Hi @weipienlee
Yeah, I totally get the frustration here — this one feels more like an abstraction leak than something you’re doing wrong.
What’s really happening is:
GPT-4.1 sometimes “tries again” internally if it messes up the JSON (like truncating it). The generations API actually contains those retries. But ainvoke() only returns the first message of the first generation, so if that first one is broken, you never see the corrected version.
So it’s not really a Pydantic problem — it’s just how ainvoke() is currently implemented.
Since you’re intentionally not using with_structured_output(strict=True) (which makes sense if you want scratchpad-style reasoning before the final structured output), here are a couple of practical ways people handle this:
1. Add a small retry on parse failure
If JSON parsing fails, just re-prompt with something like:
“Return only valid JSON matching the schema. No extra text.”
It’s simple, but surprisingly reliable in production — and you still keep your reasoning-first approach.

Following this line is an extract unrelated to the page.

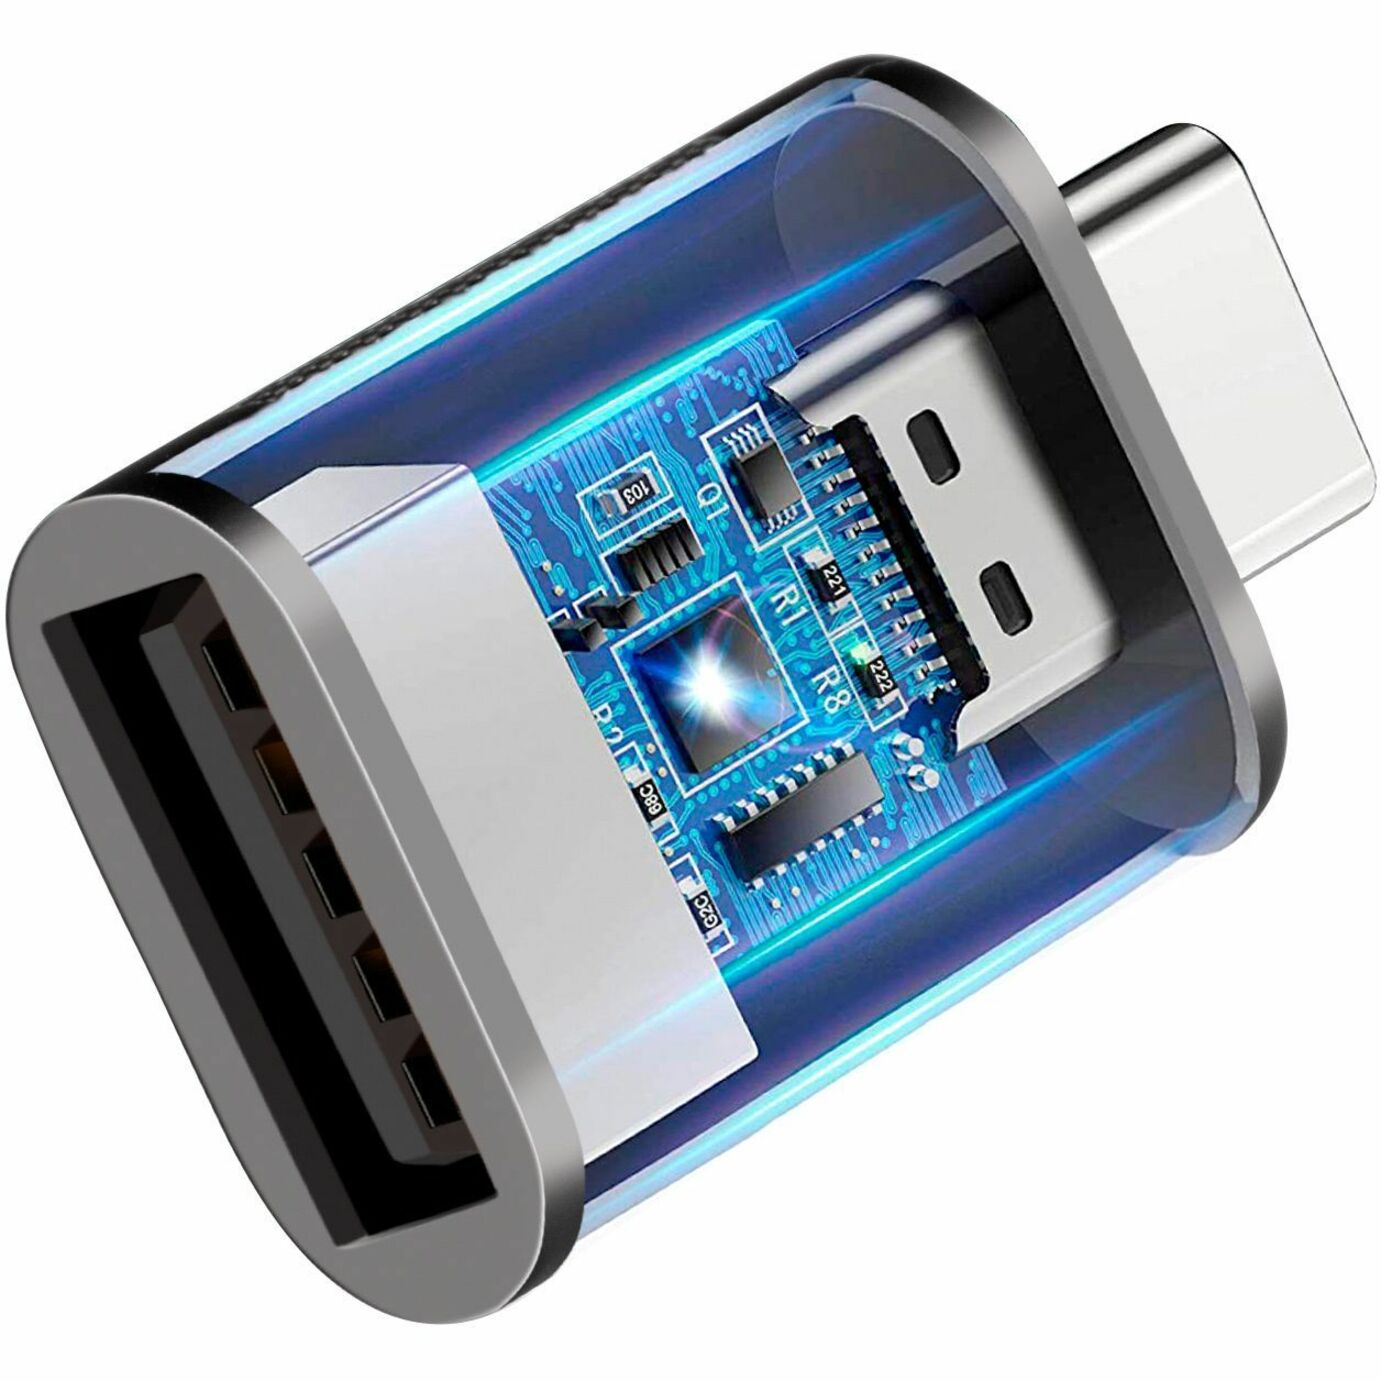 Adesso ADP-300-4 Femelle USB-A vers Mâle USB-C Adaptateurs (4 pack) Adaptateur de Transfert de Données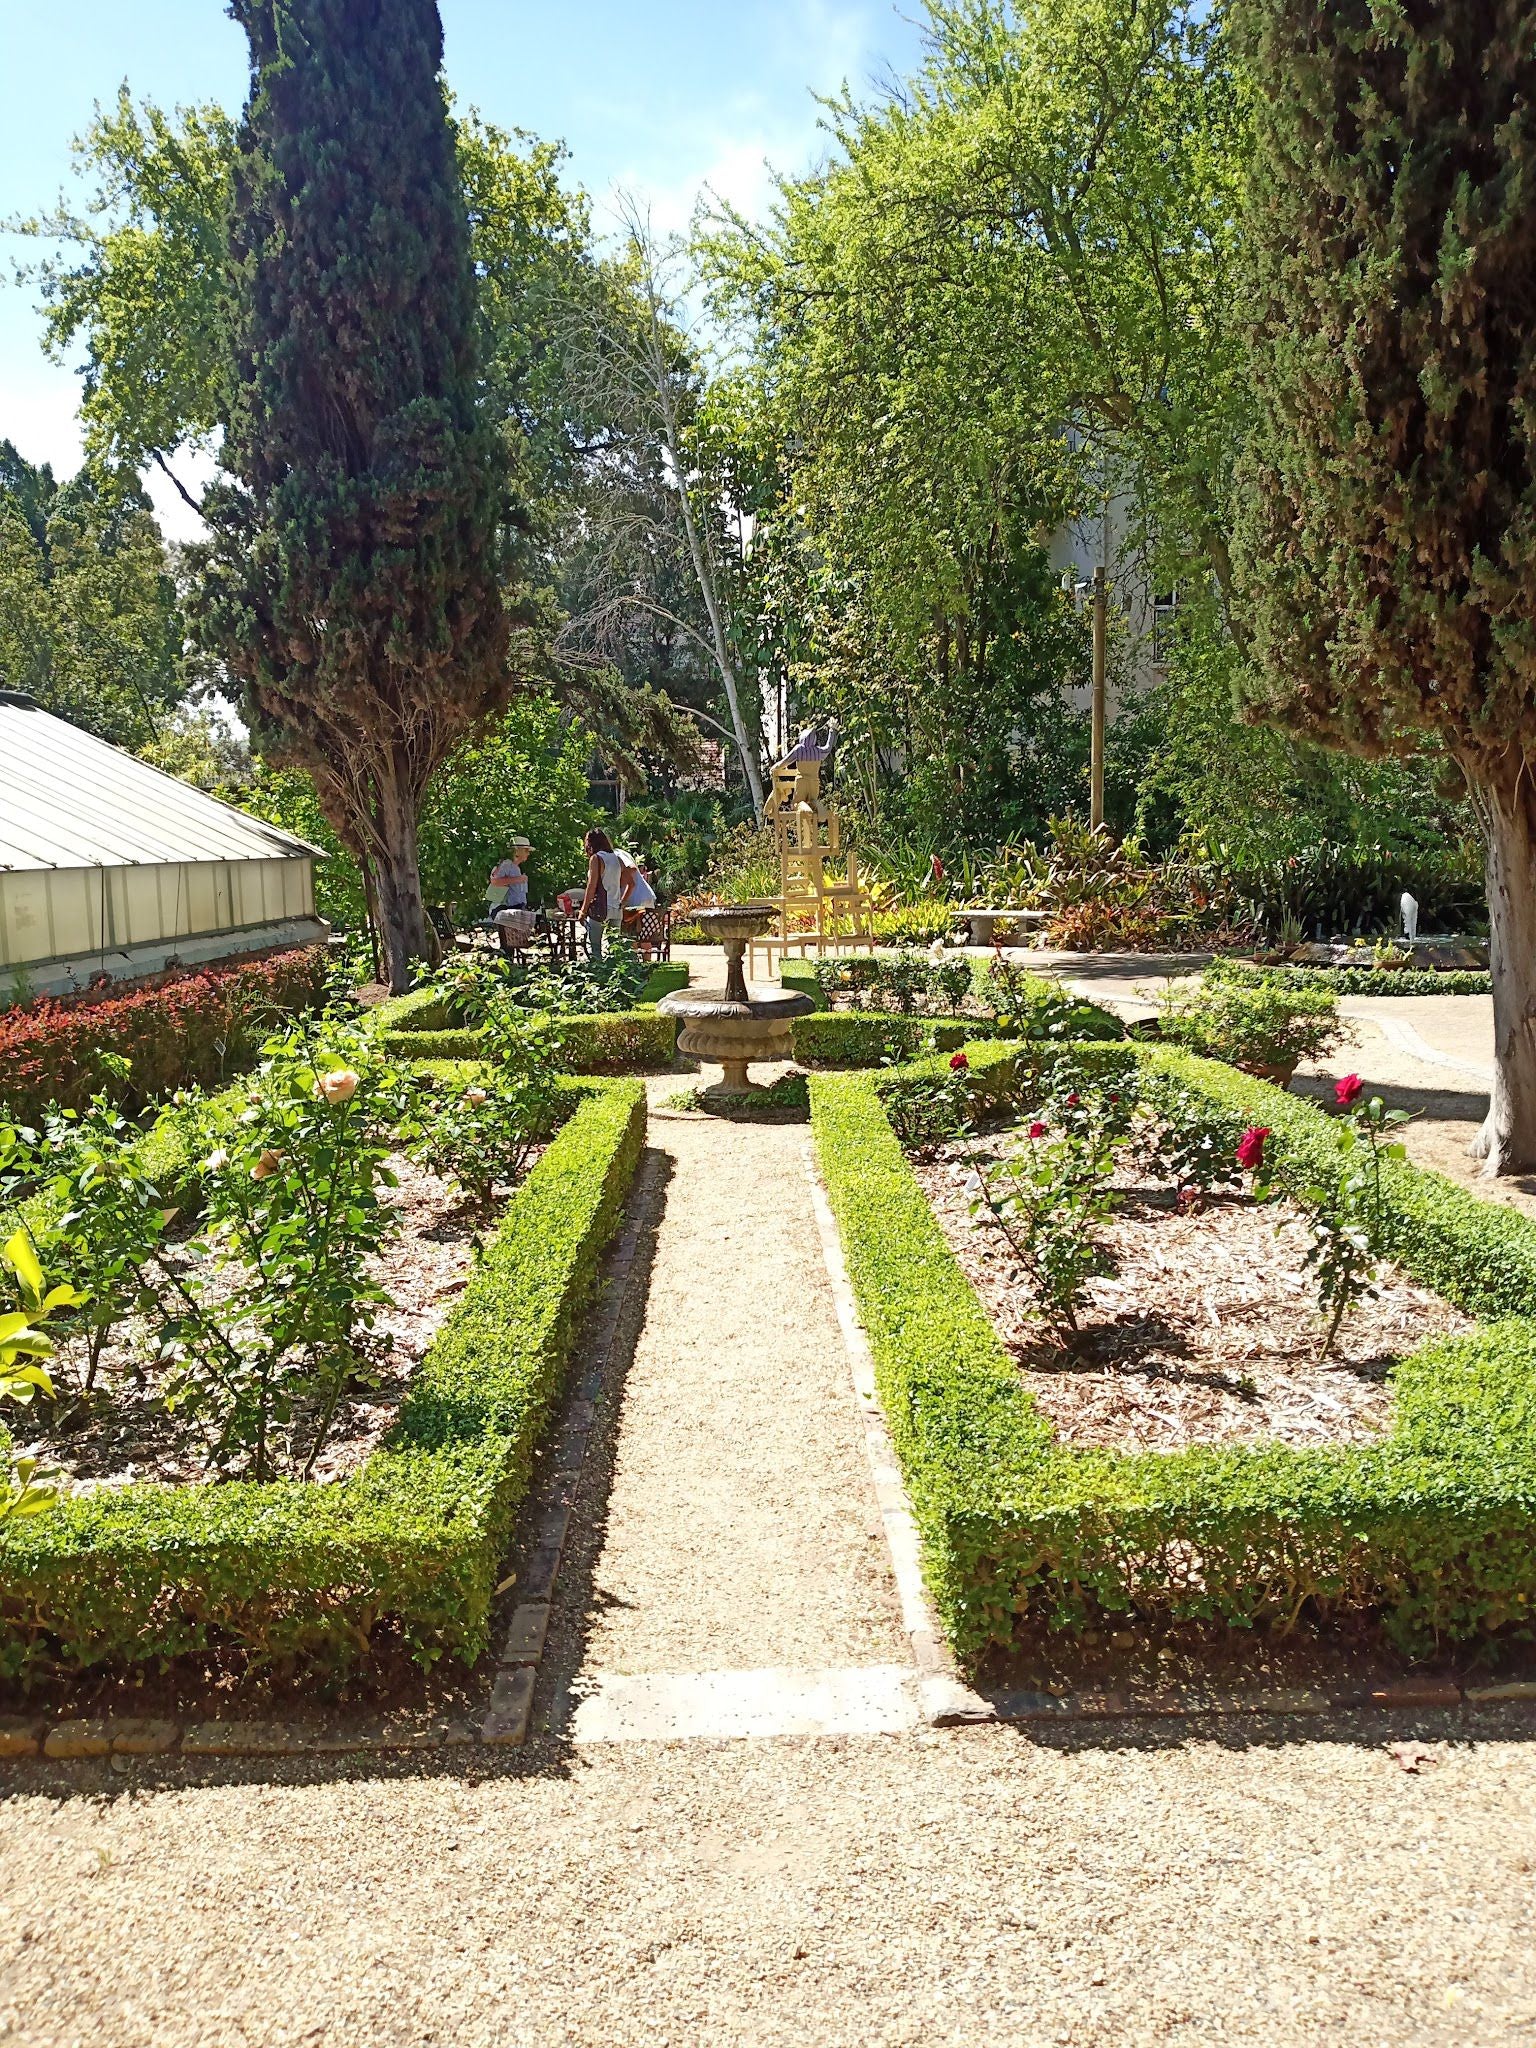  Stellenbosch University Botanical Garden

2. Return the last generation instead of the first
If you’re comfortable subclassing, you can override ainvoke() to return:
llm_result.generations[0][-1].message
Instead of [0][0].
In cases where the model internally corrected itself, that usually gives you the fixed version without switching everything to agenerate().
3. Structured reasoning field (if you ever reconsider)
You can keep reasoning by explicitly including it in your Pydantic model:
class Output(BaseModel):
reasoning: str
answer: FinalSchema
Then instruct the model to think in reasoning and put the final structured output in answer.
That preserves reflection but still constrains the final output shape.
If I were optimizing for stability while keeping scratchpad reasoning, I’d probably combine:
That tends to eliminate most truncation issues without making the architecture feel clunky.